Information supplied
______

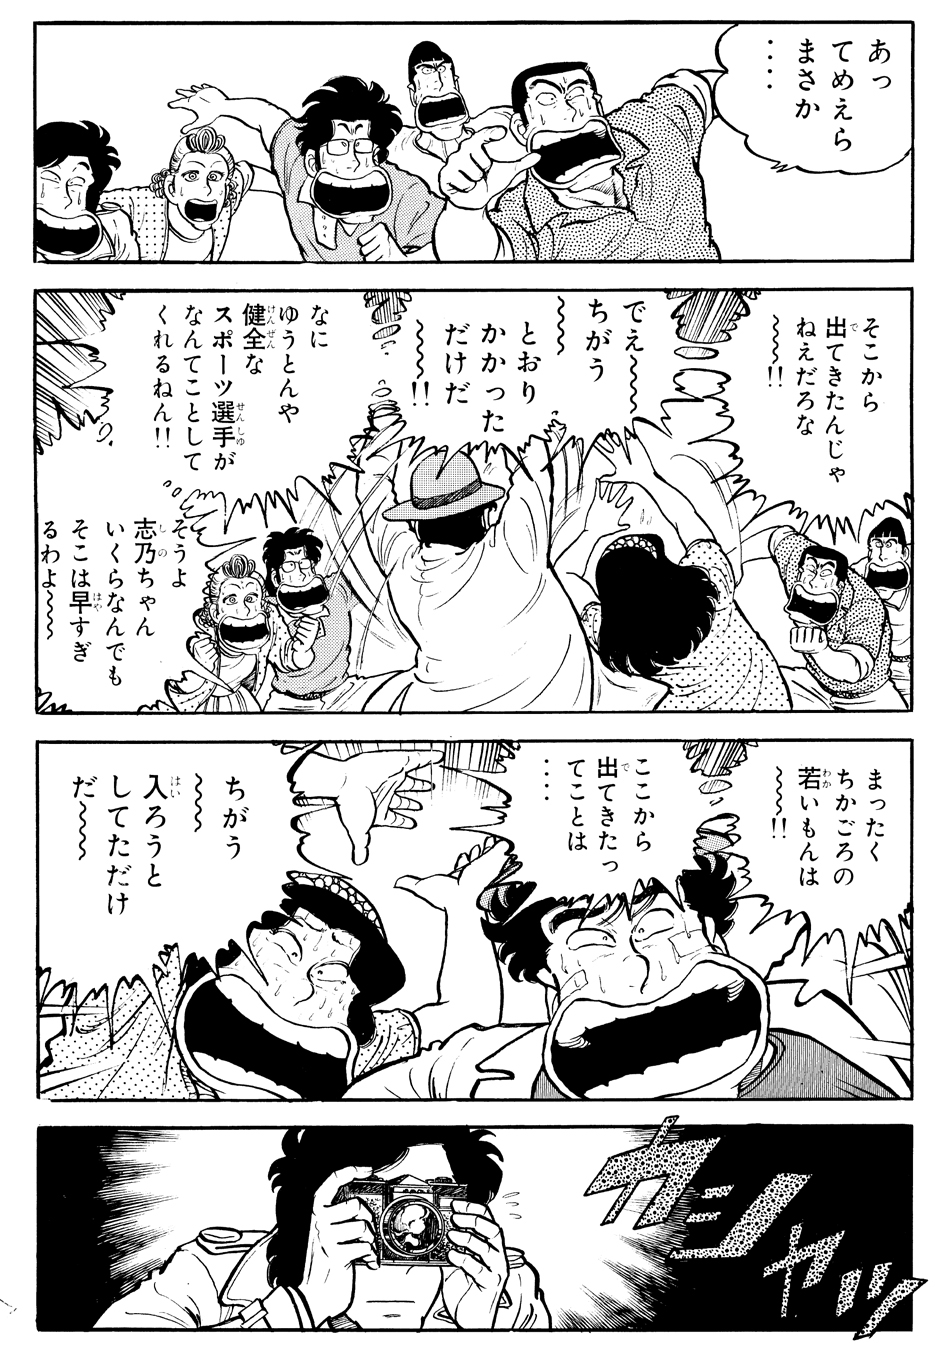 sanshiro_22
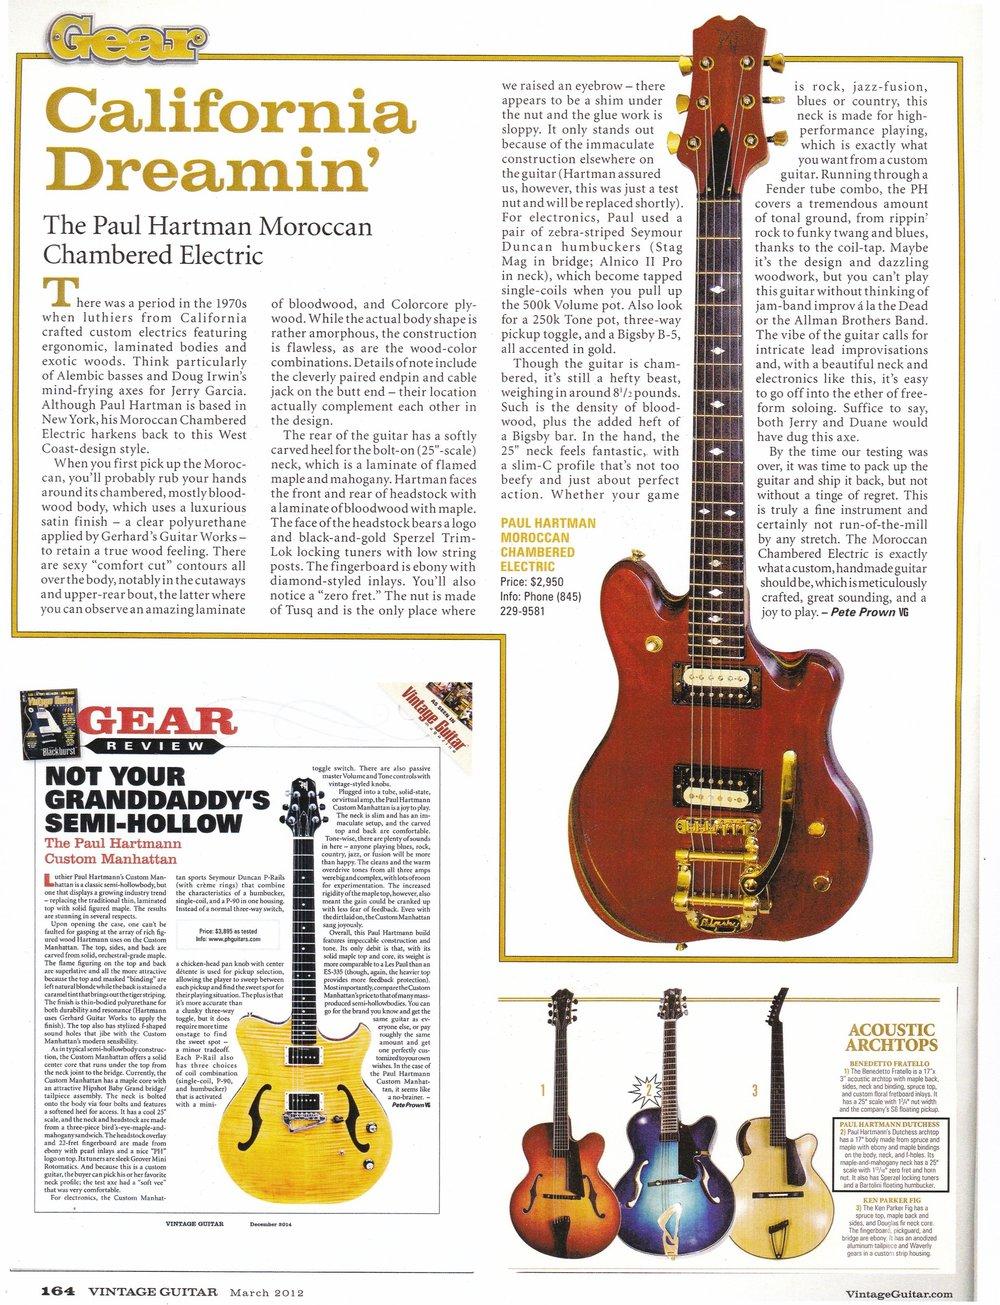 Vintage Guitar March, 2012
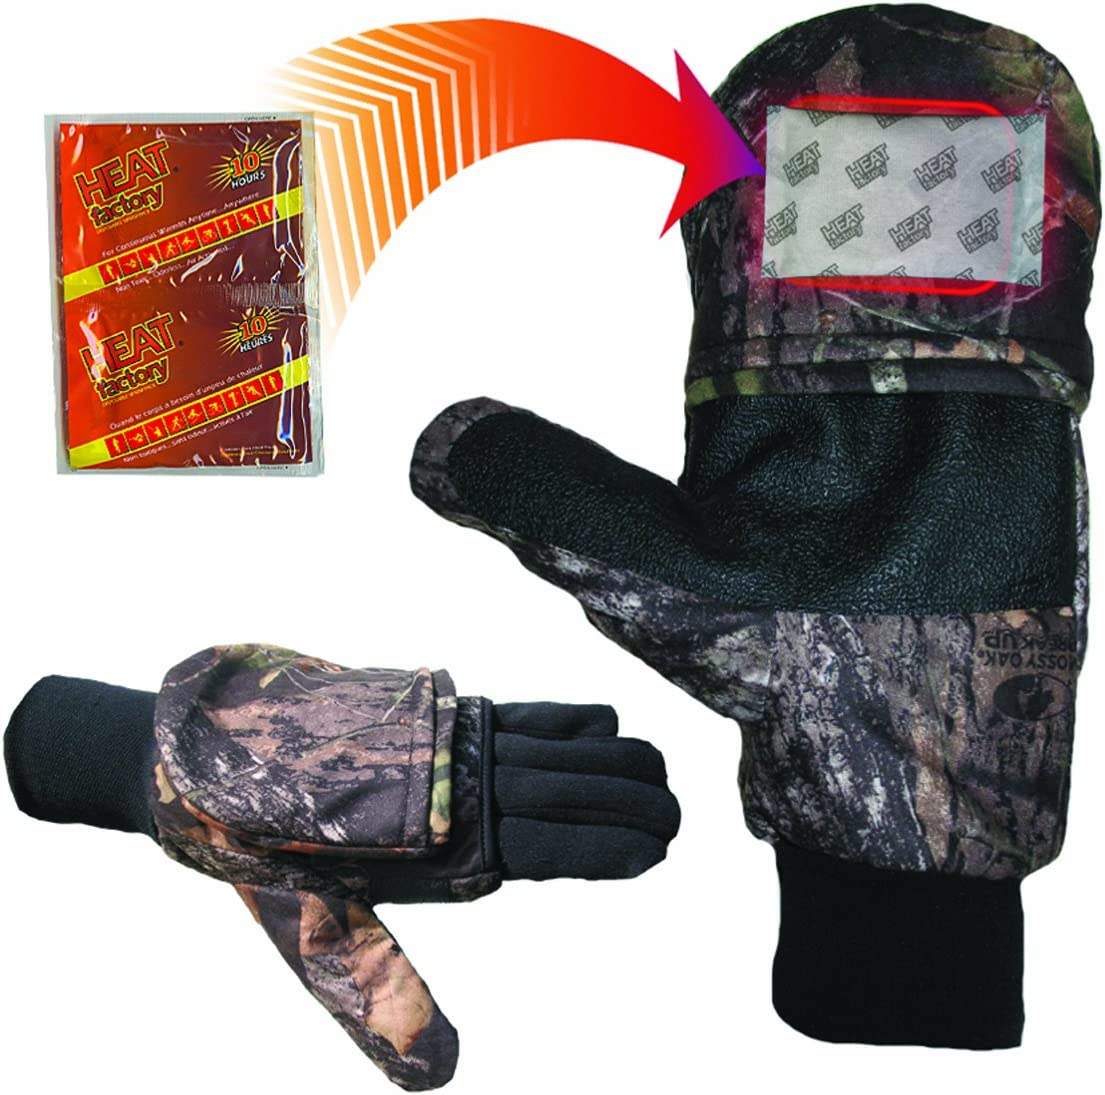 Heat Factory Gloves
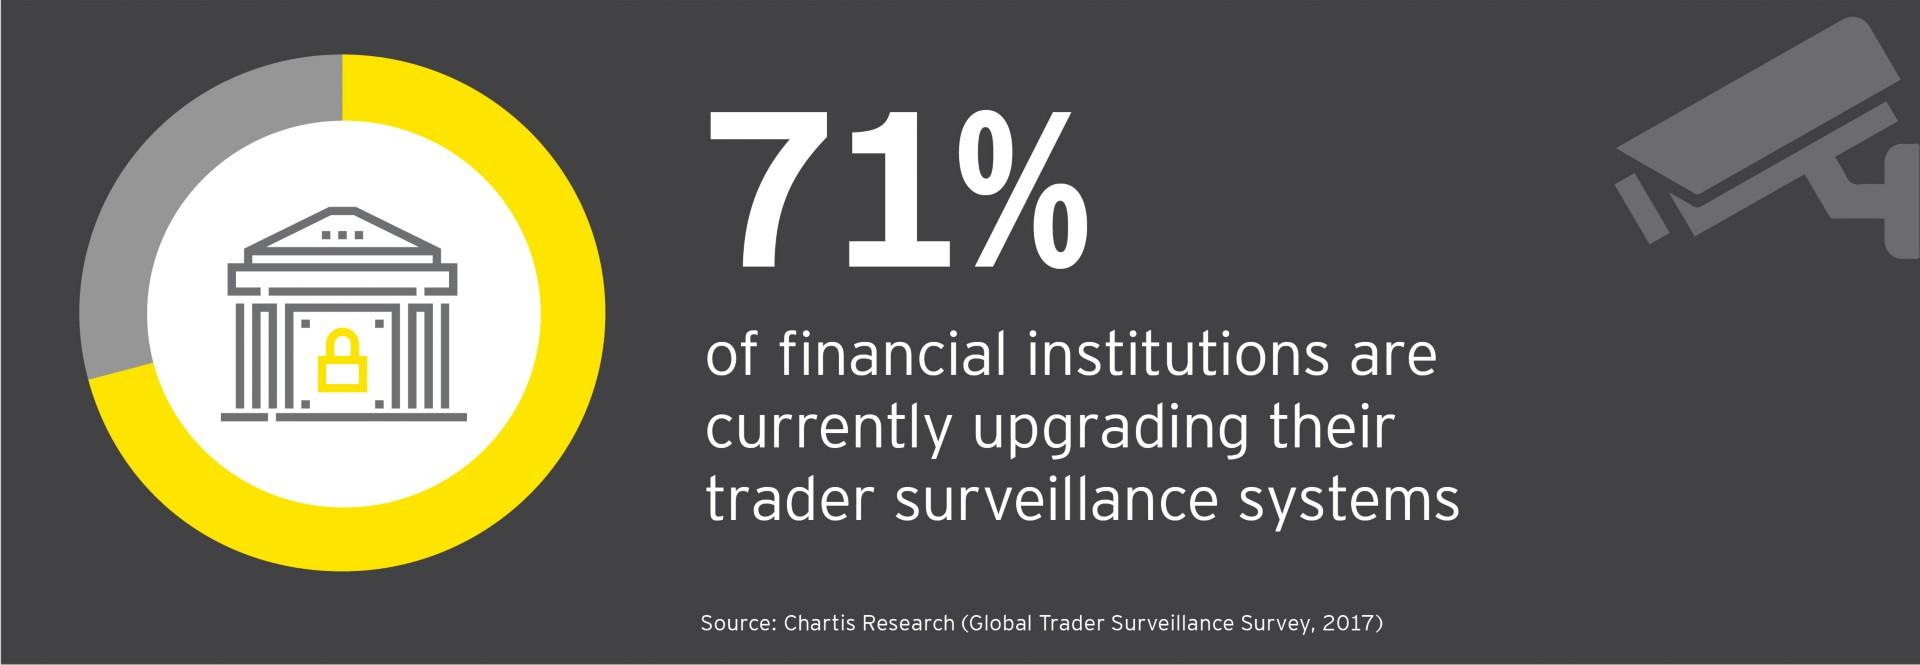 Trader surveillance report image 3

______

Directions
Retype the whole listing above exactly as written. Skip the pictures.

Response to this task
 sanshiro_22
 Vintage Guitar March, 2012
 Heat Factory Gloves
 Trader surveillance report image 3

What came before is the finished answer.